Cornelis Tromp (1628-1691), zoon van Maarten Tromp, is de geschiedenis ingegaan als een ijdele heethoofd. Net als zijn beroemde vader wilde hij naam maken bij de vloot. Met het sterven van zijn vader in 1653 deed hij dan ook een gooi naar de positie die zijn vader had gehad: luitenant-admiraal, de hoogste rang bij de vloot. Hij was toen bijna vierentwintig jaar oud, een veel te jonge leeftijd om ook maar over deze positie te kunnen nadenken. De Staten-Generaal, aan wie hij zijn verzoek richtte, ging dan ook niet serieus in op zijn verzoek.1
Meer dan tien jaar later lukte het hem wel om luitenant-admiraal te worden. In 1665 kreeg hij door de Admiraliteit op de Maze in Rotterdam de positie aangeboden. Het lot leek even mee te zitten, maar helaas voor Tromp kwam Michiel de Ruyter net op tijd terug van zijn reis naar Afrika en Zuid-Amerika om de positie over te nemen. Een zware tegenvaller voor Tromp, helemaal gezien zijn opvliegende karakter. Het kostte de grootste moeite om Tromp te overtuigen mee te varen met de vloot onder leiding van De Ruyter, maar hij liet zich ompraten.
Het gevoel van vernedering bleef echter sluimeren en uitte zich in andere incidenten, bijvoorbeeld toen Tromp onuitgenodigd in de vergadering van de Staten-Generaal verscheen of toen hij in een brief aan dezelfde instelling met muiterij dreigde! Ook onder gelijkgezinden botvierde hij zijn misplaatste gevoel van macht.
Op 20 mei 1666 2 wordt Tromp, samen met andere zeemannen, uitgenodigd voor een maaltijd bij de Admiraliteit van Noorderkwartier. Tijdens de maaltijd dreigt het al even mis te gaan, maar bij het vertrek loopt de boel pas echt uit de hand. Een ware soapscène vindt plaats, omdat Tromp opnieuw duidelijk moet maken dat hij de hoogste rang heeft in het gezelschap.
Misplaatst
Graaf Johan Belgicus van Horne (ca 1606-?), degene die ons dit allemaal meedeelt in zijn brief aan Johan de Witt, heeft zijn plek ingenomen op één van de koetsen die klaarstond voor de deur. Tromp vindt echter dat hij aan de rechterkant hoort te zitten, waarop Van Horne antwoordt dat hij altijd beleefd is naar iedereen, ‘mais tout par amour, et rien par force’ (maar alles uit liefde, niets uit dwang). Bovendien wist Van Horne niet waarom deze plek aan Tromp toekwam en bevonden ze zich ‘op een wagen ende niet in een krijgsraedt’.

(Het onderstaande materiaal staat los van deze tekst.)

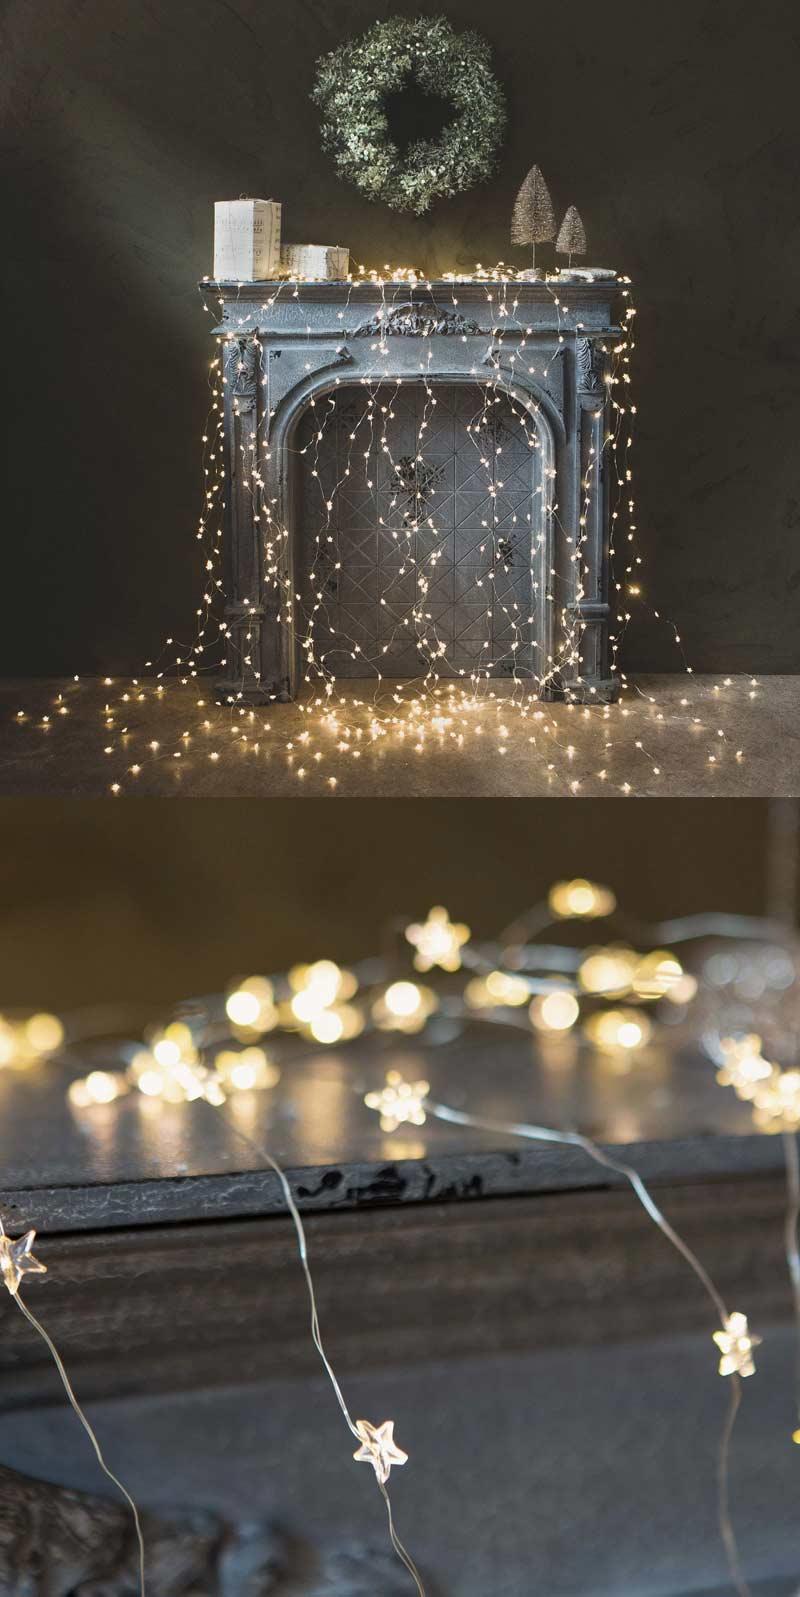 Christmas Star Lights string

Om de vrede te bewaren zet Van Horne zich echter over zijn trots heen en maakt plaats voor Tromp. Toch is Tromp niet tevreden. Nogmaals verzoekt hij Van Horne plaats te maken. Nu schiet het Van Horne in het verkeerde keelgat. Hij springt van de wagen af. De anderen in het gezelschap volgen Van Horne, waardoor Tromp uiteindelijk alleen wegrijdt van dit droevige schouwspel…
Boek: De ware vrijheid – De levens van Johan en Cornelis de Witt
Lees ook: Michiel de Ruyter (1607-1676) – Nederlandse admiraal en zeeheld
(1) – Zie: Ronald Prud’homme van Reine, Schittering en schandaal: Biografie van Maerten en Cornelis Tromp (Amsterdam 2001).
(2) – Het jaar wordt niet vermeld in de brief, maar is door een latere hand toegevoegd.